Nubledo, Illán GARCÍA
Silencio. Eso es lo único que reciben del Principado los vecinos de Molleda y Solís, que no cejan en su empeño de intentar paralizar el trazado de la autovía Avilés y Llanera que afecta a sus parroquias. La falta de respuesta del Gobierno que dirige Vicente Álvarez Areces incomoda a los residentes. «El diseño actual, tal y como está dibujado, no es aceptable de ninguna manera», asegura el presidente de la asociación de vecinos de Solís, Iván Fernández. José Manuel Pérez, su homólogo de Molleda, suscribe sus palabras.
Los críticos con el trazado de la futura autovía no quieren dar su brazo a torcer pese a que el Principado asegure que el pinchazo de la autovía del Cantábrico y la futura vía en Nuña es inviable, una tesis que no comparte el Ayuntamiento y los vecinos. Los molledanos insisten en que esa conexión en las inmediaciones del cementerio de Nuña es factible y que daría soluciones reales a los problemas de tráfico del concejo. «Hablamos con arquitectos y nos dan la razón; lo demostraremos», recalcó Pérez.

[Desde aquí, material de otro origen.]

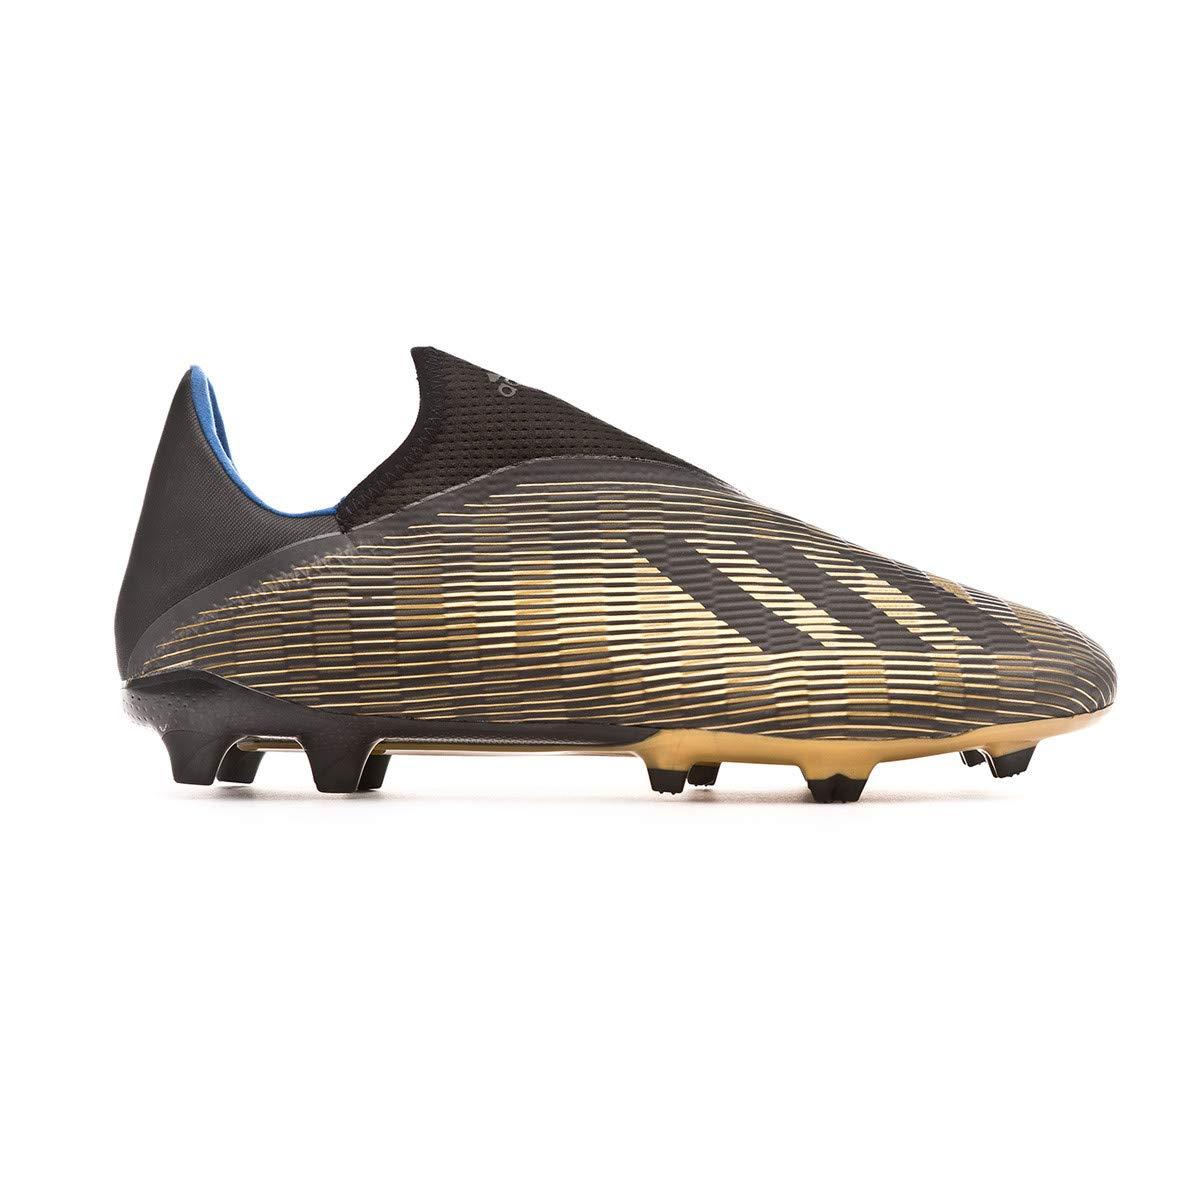 Core Black-Gold Metallic adidas X 19.3 LL FG Bota de f/útbol

Tanto Fernández como Pérez consideran que el Principado «hace de menos» a los corveranos por dos motivos principales. El primero, la administración regional, a juicio de los vecinos, ha optado por mantenerse en silencio mientras que los afectados demandan información sobre cómo va el proceso del proyecto de la nueva autovía. El segundo, los vecinos critican que el Principado aún no haya contestado a las peticiones formales que el Ayuntamiento y las propias asociaciones realizaron en Oviedo para poder reunirse con el presidente del Principado para expresar su malestar con el trazado propuesto. «Nos parece una falta de respeto que ni nos digan nada ni se conteste debidamente a la petición de una reunión con el Presidente», recalcó Fernández. Por su parte, Pérez aseguró que no se descarta la posibilidad de volver a manifestarse en Oviedo frente al edificio de Presidencia.